Examples of Social Engineering Attacks
Worm Attack
Cybercriminal aims to get the user's attention to the link or infected file - and then allure the
user to click on it.
o In 2000, the Lavalier worm overloaded on the email servers of many companies. The
victims received an email inviting them to open anattached love letter. When she
opened the attached file, the worm copied all the contacts in the victim's address book.
o In January 2004, the Mydoom email worm, which appeared on the Internet, used texts
that mimicked mail servers' technical messages.

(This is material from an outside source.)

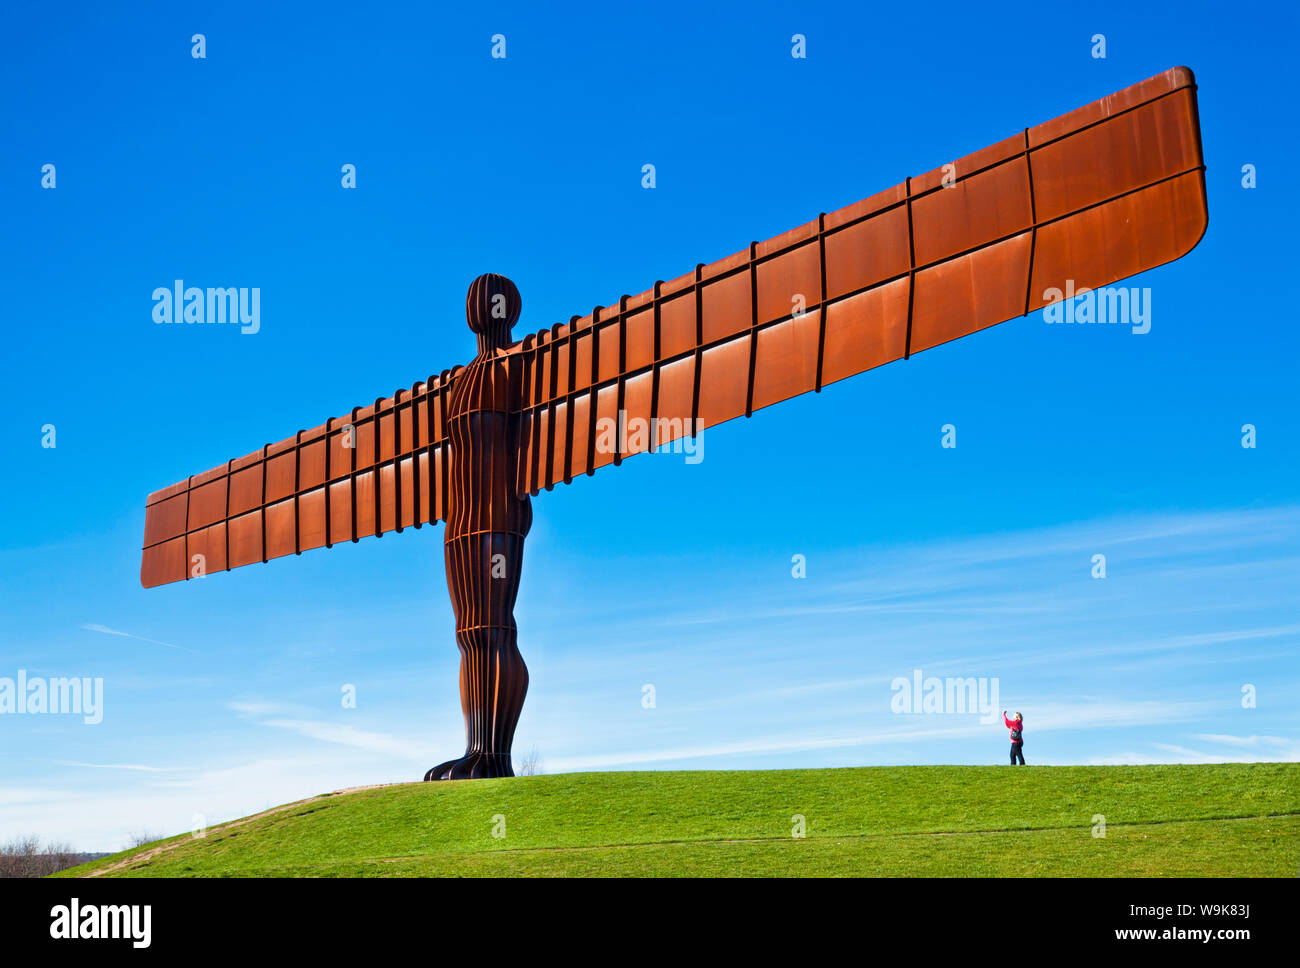 Person fotografieren der Engel des Nordens Skulptur von Antony Gormley, Gateshead, Newcastle-upon-Tyne Tyne und Wear, England, Vereinigtes Königreich Stockfoto
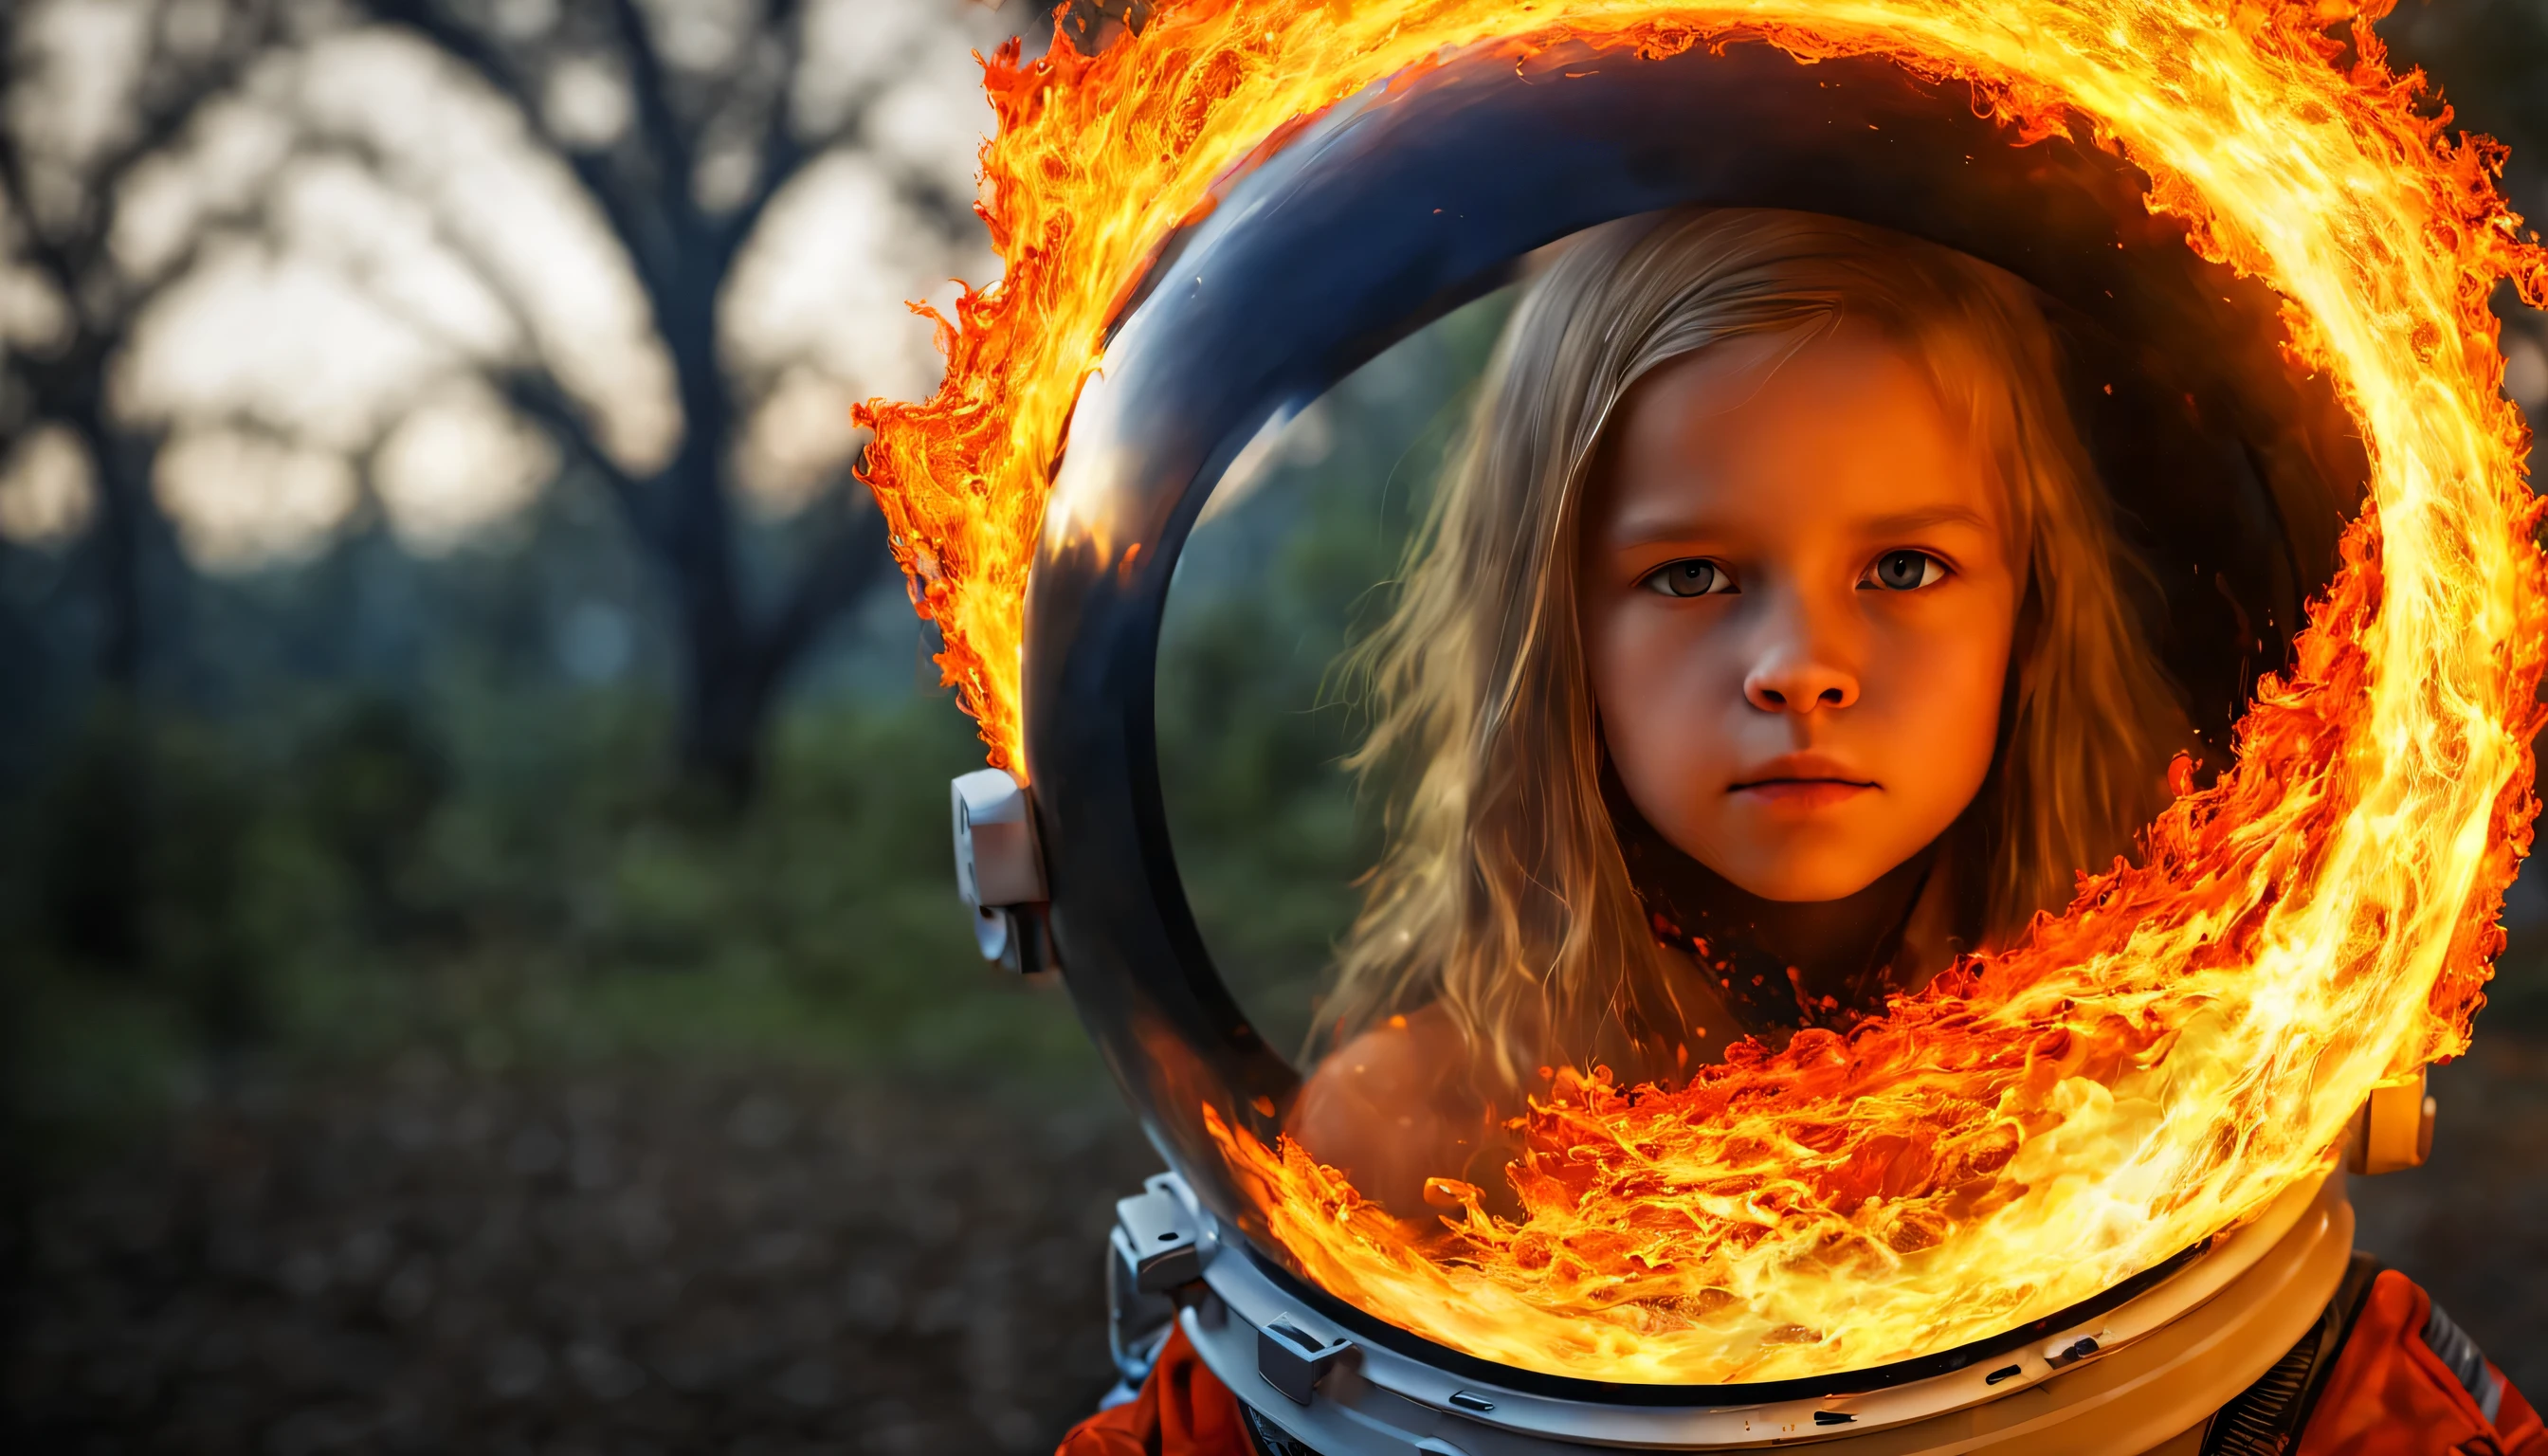 10歳の金髪ロシア人少女  , 閉じる, 肖像画, 長いブロンドの髪で, 宇宙飛行士の, 炎は円形に燃えている, 燃えるような, icon with a halo of 火, ファイアリング, 火の玉, パーティー, 背景にオレンジ色の火, 男, 火 type, (火), 黒い火の球体, フィナード, 炎地獄, インフェルノ, 火のテーマ, 火, ヘルファイア, 地獄の, パーティーjante, derretido imagem arfed de uma ガラス玉 com uma paisagem dentro, 詳細なデジタル 3D アートワーク, ボールの中の生命の木, 非常に詳細な 4K デジタル アート, 非常に詳細なデジタルアート, 様式化されたデジタルアート, 非常に詳細なデジタル絵画, ガラス玉, 非常に詳細なデジタル絵画, 非常に詳細なデジタルアート, 3Dレンダリングのビープ音, 8Kの素晴らしいアート

Peer-to-Peer (P2P) Network Attack
P2P networks are used to distribute malware. A worm or any Trojan virus will appear on
the P2P network; its name will attract attention and allow users to download and launch the
file. For example:
o AIM and AOL Password Hacker.exe
o Microsoft CD Key Generator .exe
o Play station emulator crack.exe
How to Solve any Social Engineering Attack
To avoid social engineering, you have to practice self-awareness. Always slow down and think
before you do anything or react.
▪ Have my feelings increased? When you are particularly curious, scared, or excited,
you are less likely to evaluate your actions' results. If your emotional state is advanced,
consider it a red flag.
▪ Did the message come from a valid sender? Carefully inspect email addresses and
social media profiles when receiving suspicious messages. There could be characters
that mimic others, such as "torn@example.com" instead of "tom@example.com." Fake
social media profiles that mimic your friend's photo, and many details are also standard.

()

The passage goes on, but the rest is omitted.